DATASET SECTION:

>>>

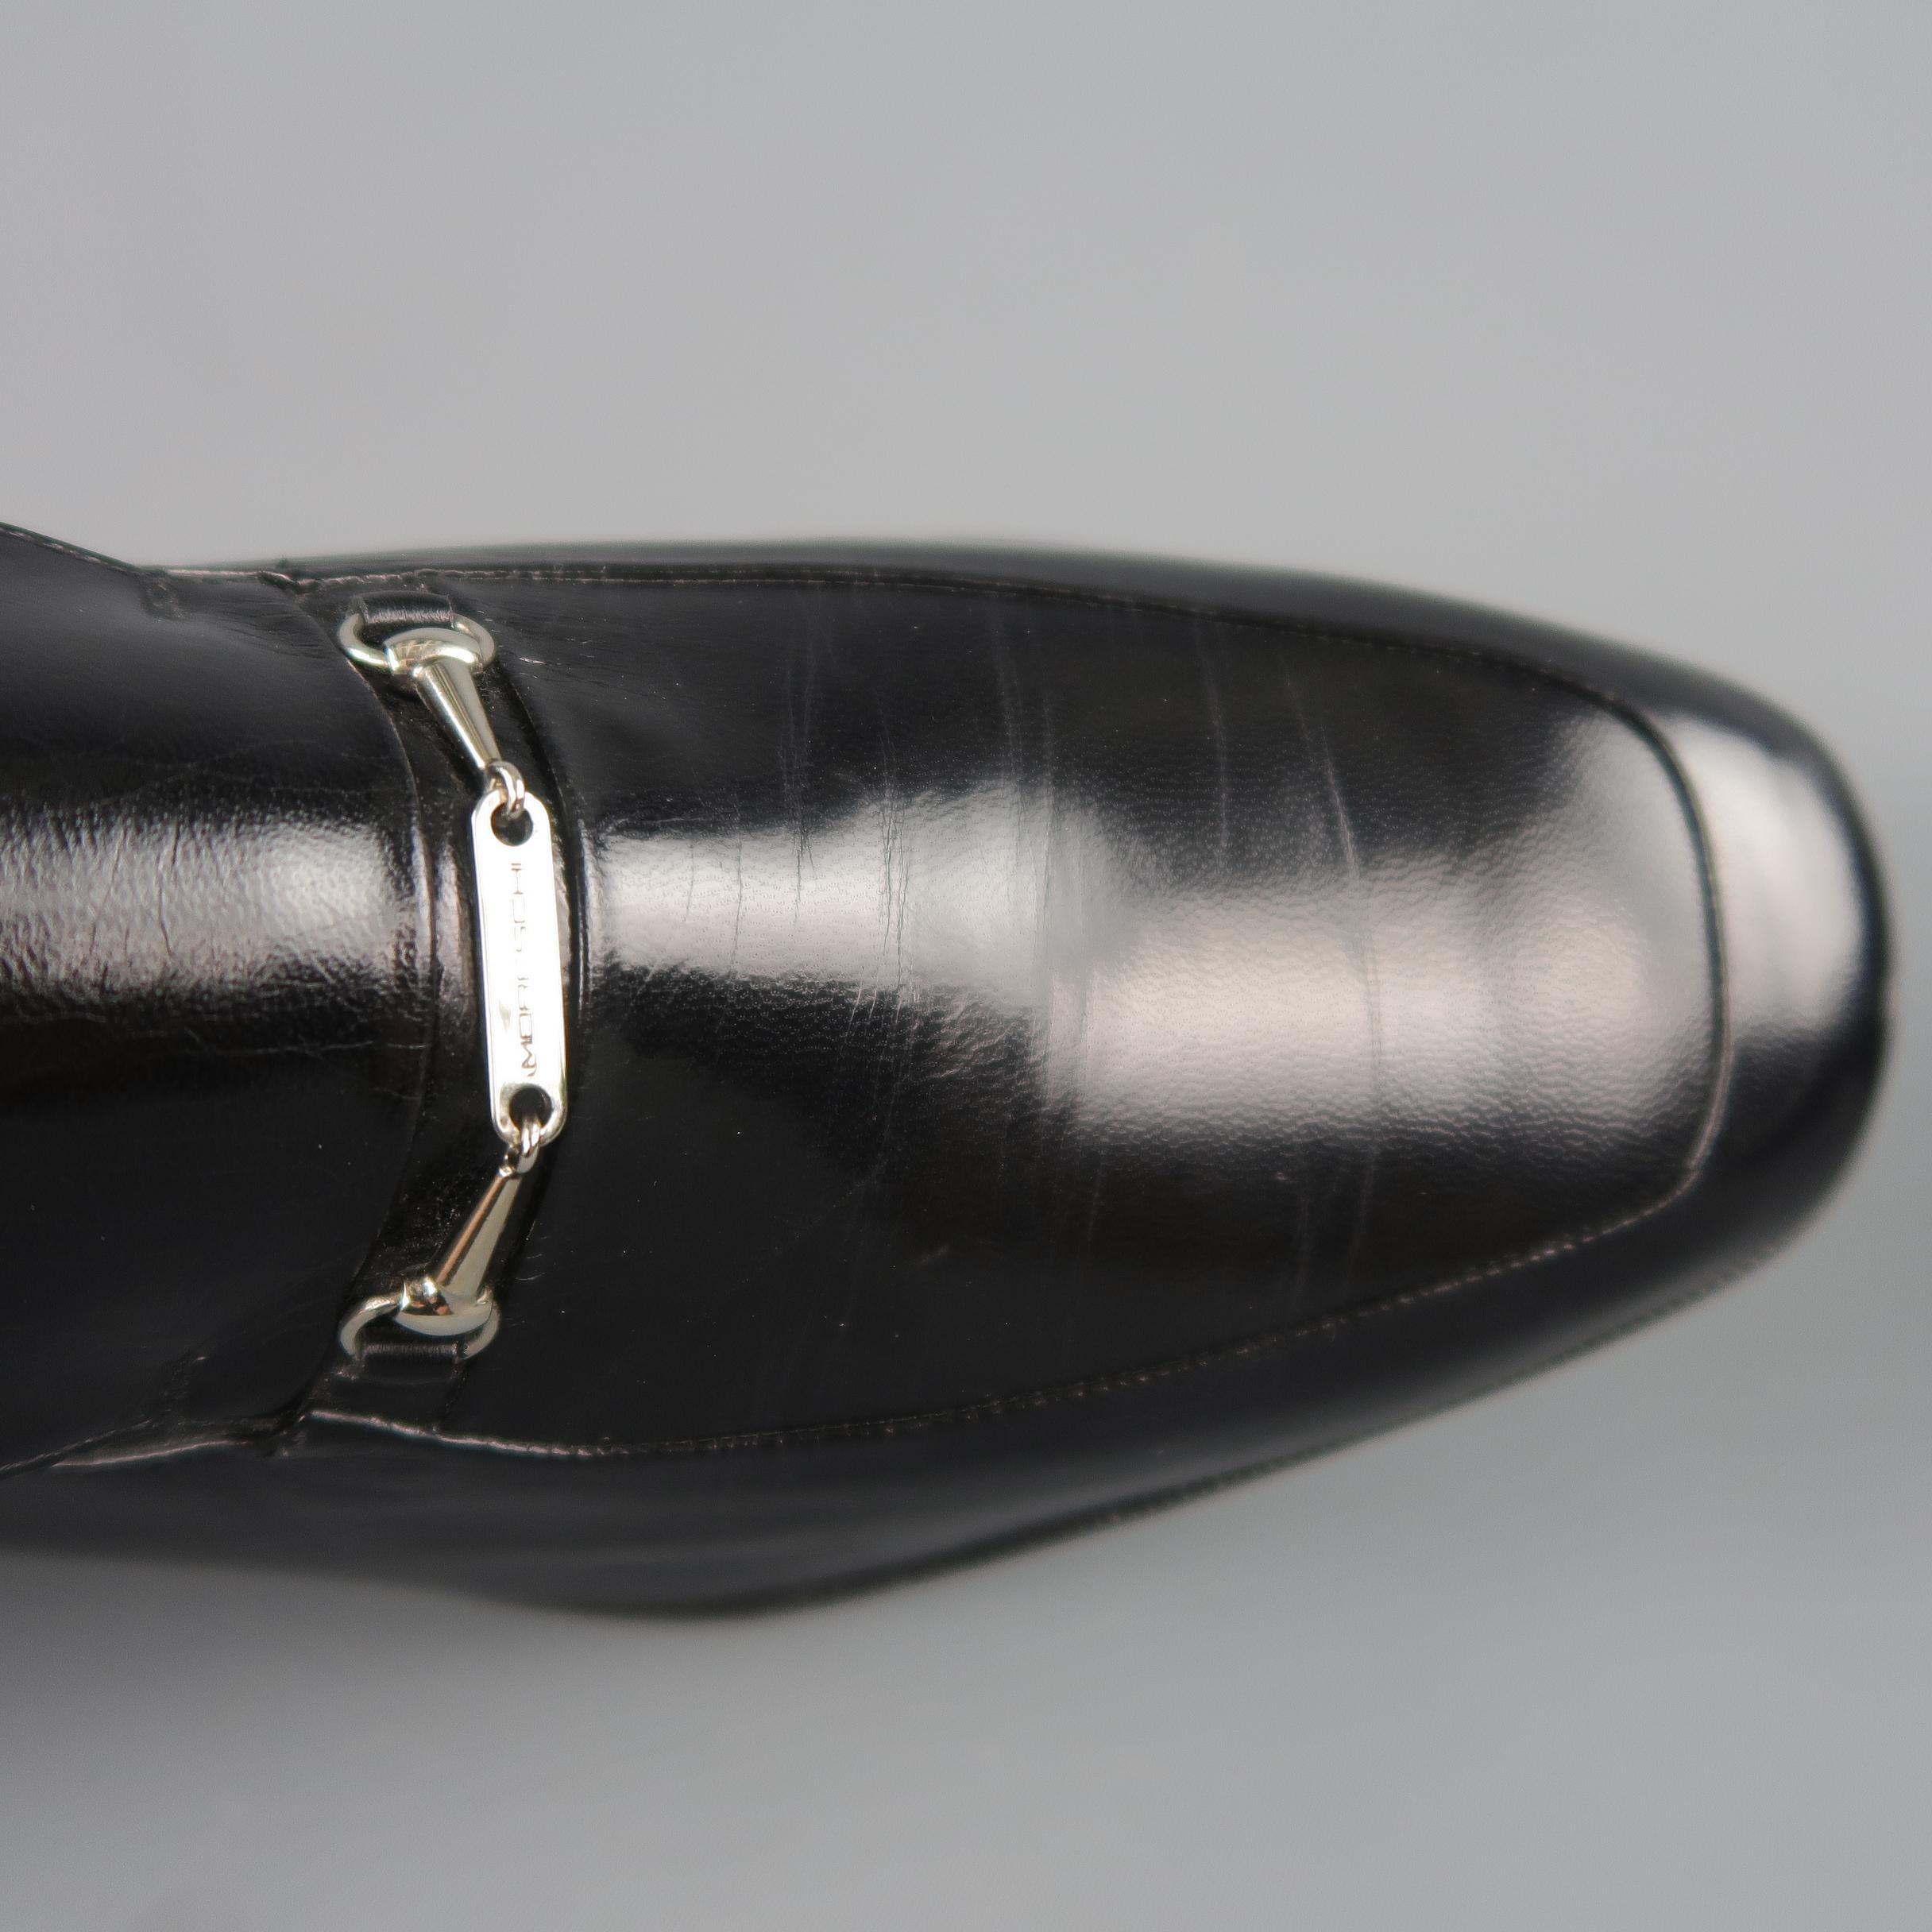 Men's Moreschi Dress shoes - Black Leather Apron Toe Silver Hardware Loafers
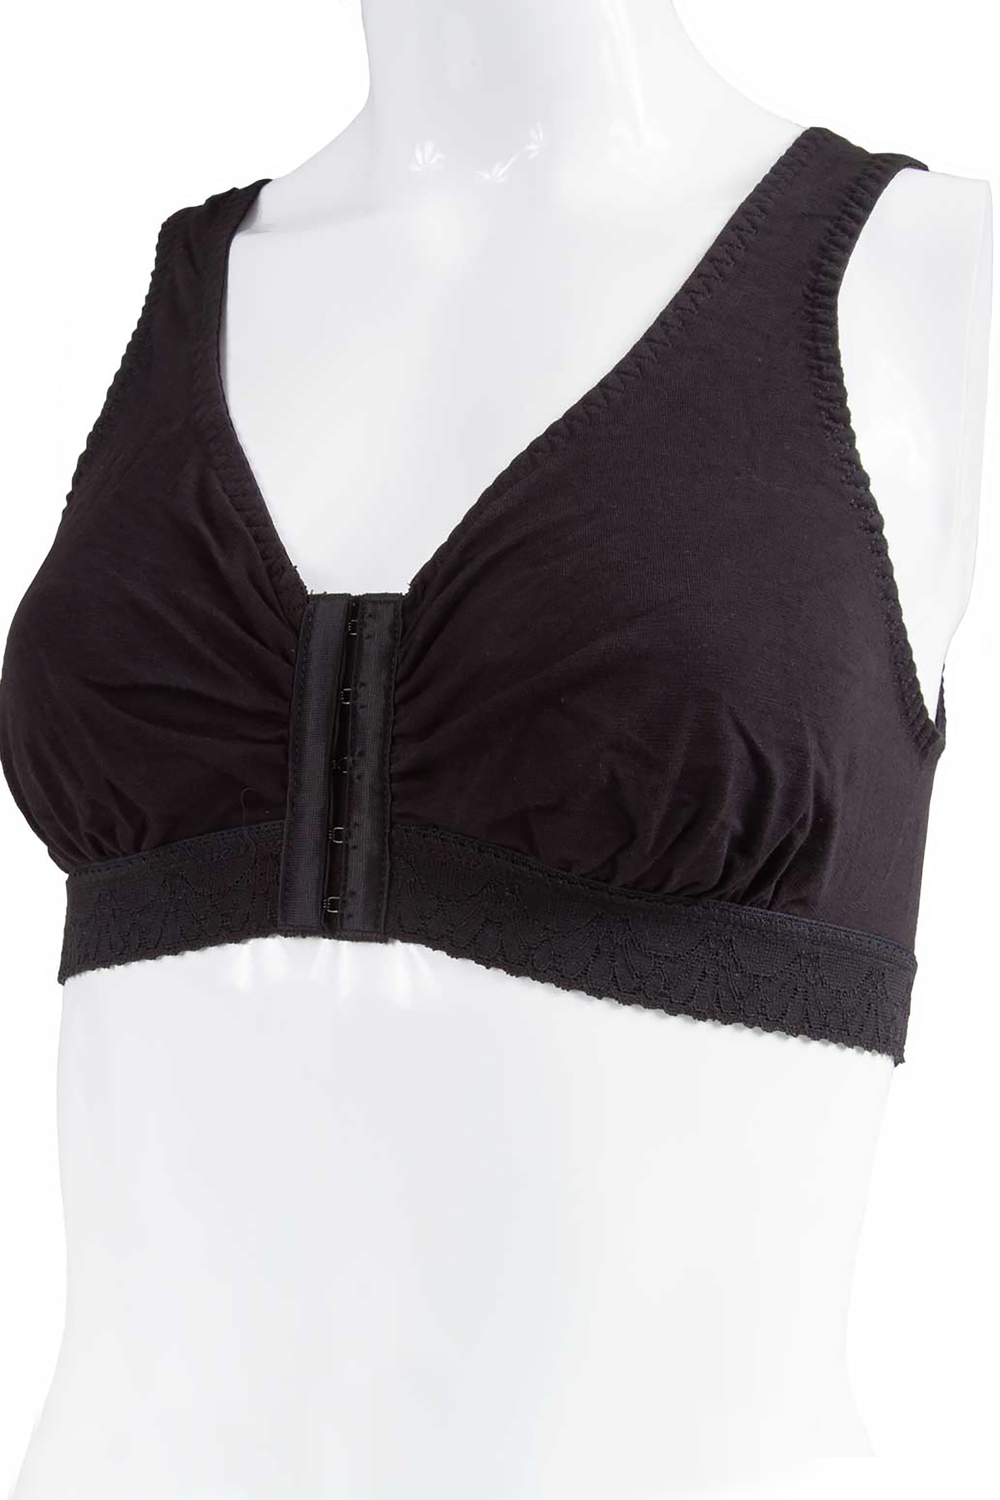 Full Freedom Comfort Bra, 1 unit, 36, Black – Carole Martin : Underwear
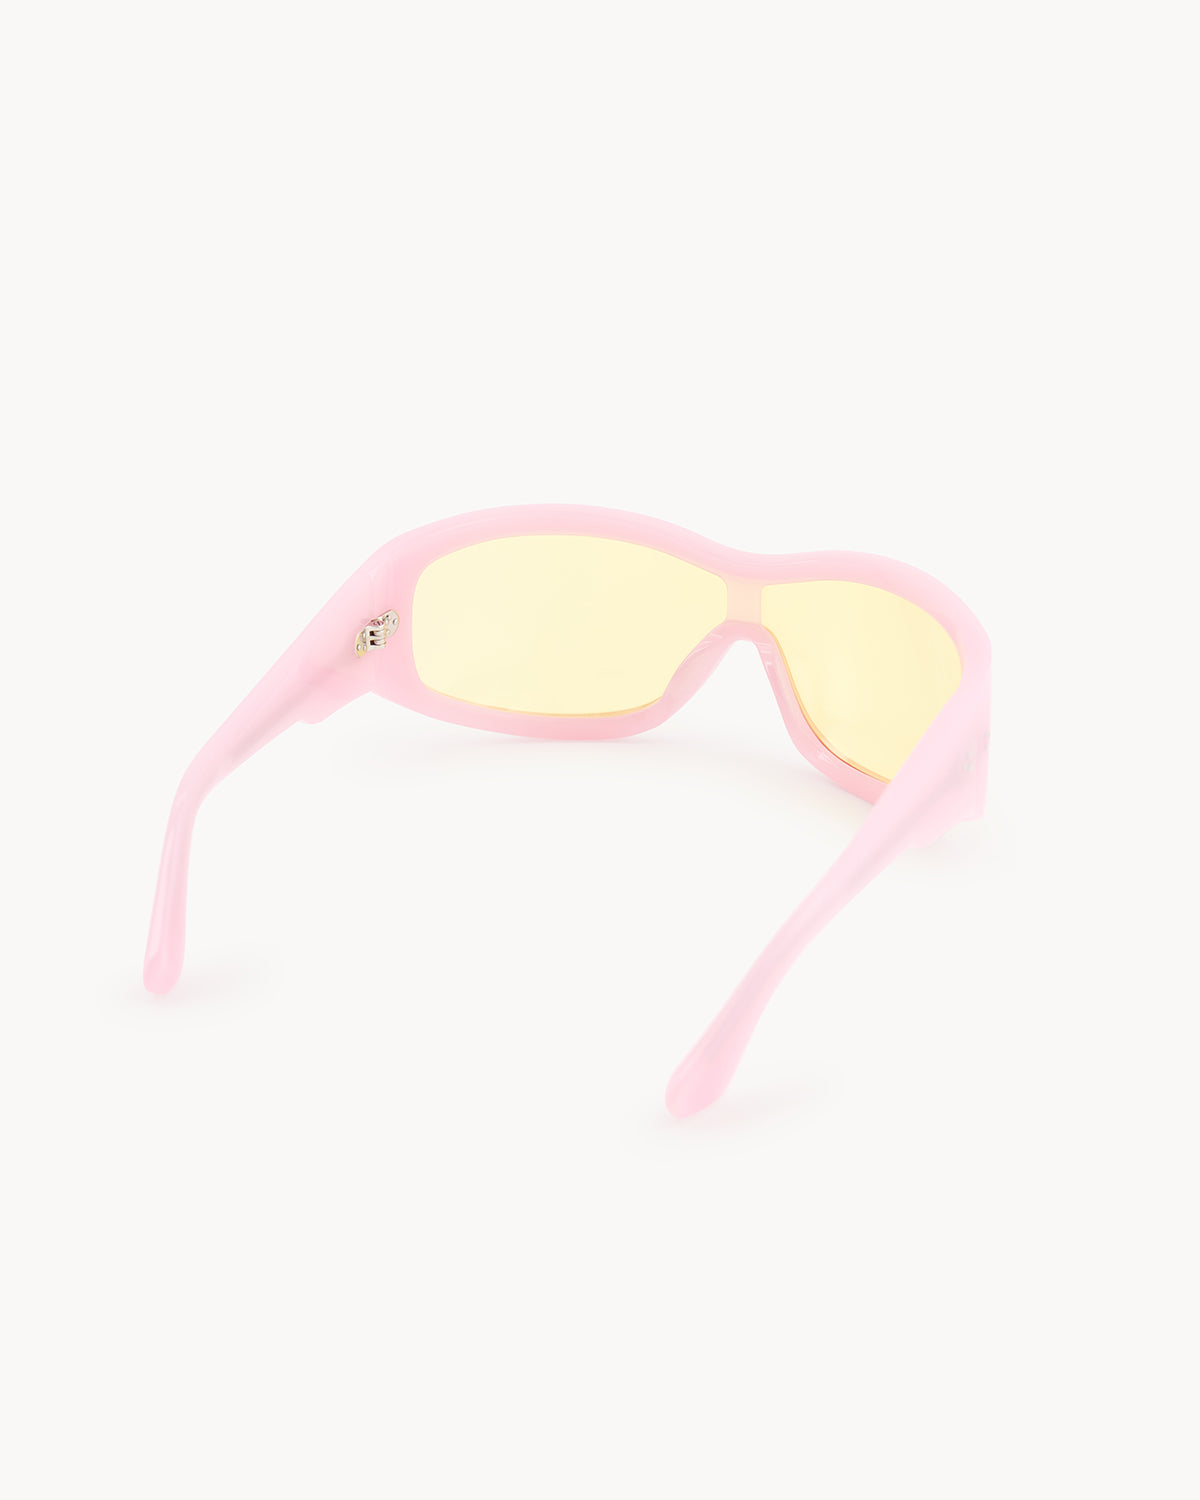 Port Tanger Nunny Sunglasses in Muddy Pink Acetate and Tangerine Lenses 3

<<<

TASK TO CARRY OUT: Drop every image, please, and write out the data above exactly as shown.

WRITTEN ANSWER:
 Men's Moreschi Dress shoes - Black Leather Apron Toe Silver Hardware Loafers
 Full Freedom Comfort Bra, 1 unit, 36, Black – Carole Martin : Underwear
 Port Tanger Nunny Sunglasses in Muddy Pink Acetate and Tangerine Lenses 3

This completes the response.